Is there life on Marston’s?

More recently (May 19), Marston’s PLC (LON:MARS) sang a similar tune, albeit less stridently, in its half-year results statement.

“Our experience of minimal infection rates in the summer of 2020 was consistent with others in the sector. Nevertheless, from the end of September, an array of additional restrictions and lockdowns were introduced which meant that pubs have been closed or have only been able to open at minimal levels of trade for the last six months. These restrictions and lockdowns were introduced at different times and with different rules in England, Scotland and Wales, and with a bewildering level of complexity,” the pub and brewing group said.

CAMRA (Campaign for Real Ale) was another group calling on the government to commit to lifting all remaining restrictions as soon as it is safe to do so.

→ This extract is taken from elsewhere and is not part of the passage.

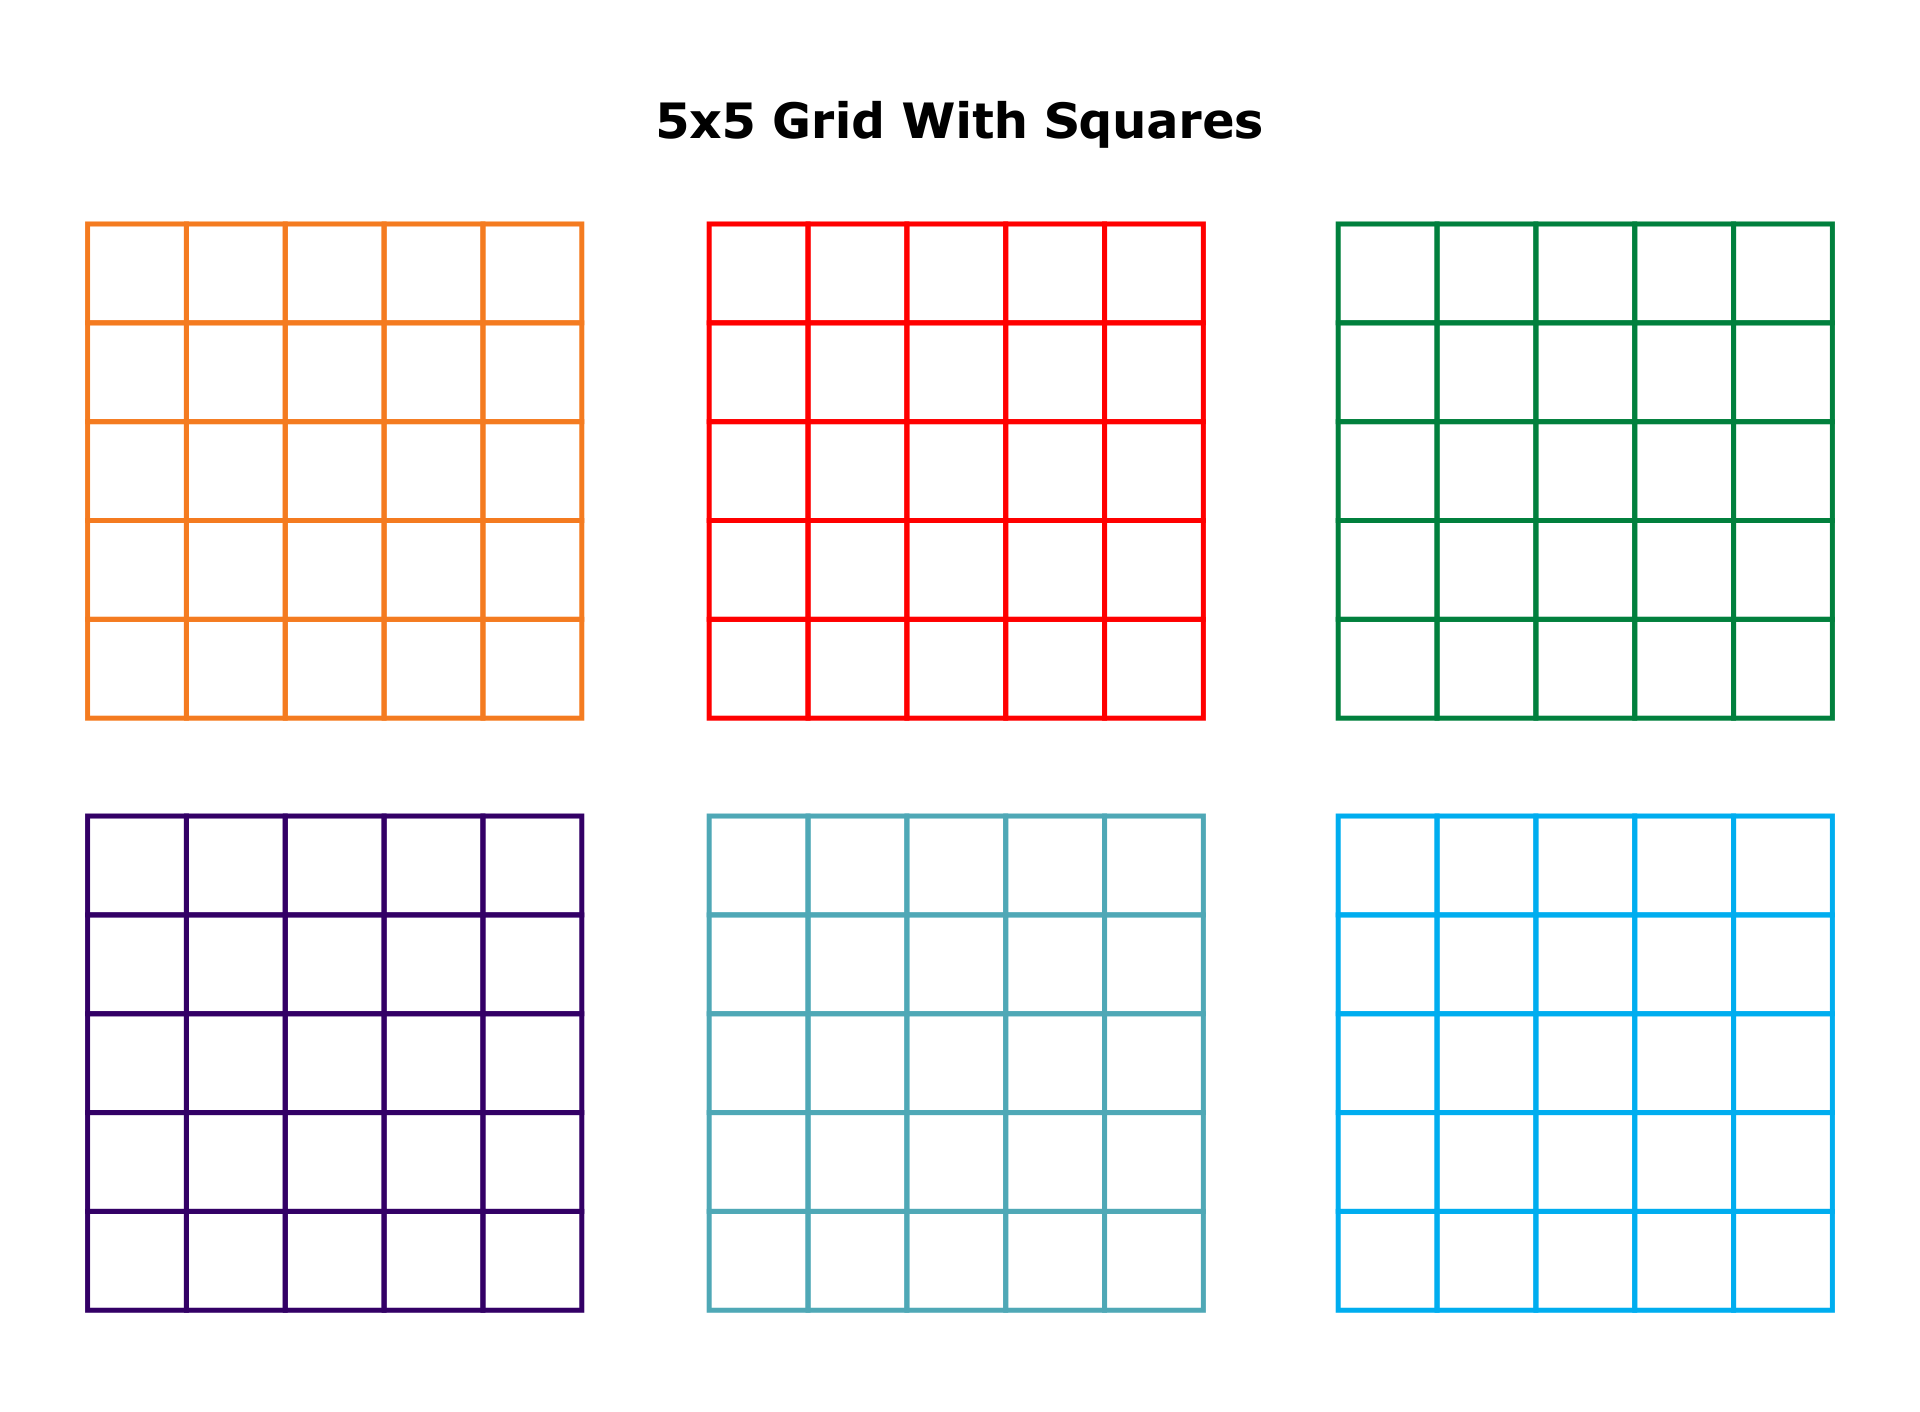 5X5 Grid with Squares

“Whilst indoor opening … is a significant step in the right direction, many pubs will struggle to make ends meet due to restrictions on the amount of customers they can serve,” said Nik Antona, CAMRA’s national chairman, when the restrictions on indoor drinking were lifted on Monday.

“It’s really important that we give as much support as possible to local breweries and cider producers as well as to our pubs so that they can survive and thrive after an exceptionally difficult year,” Antona said.

On the plus side, the Government has introduced a reduced rate of value-added tax (VAT) at 5% for food and non-alcoholic drinks until September 30, 2021, and then 12.5% until March 31, 2022.

The business rates relief has been extended in full to June 30 of this year and is then reduced to 66% from July 1 to March 31 of next year but is capped at £2mln.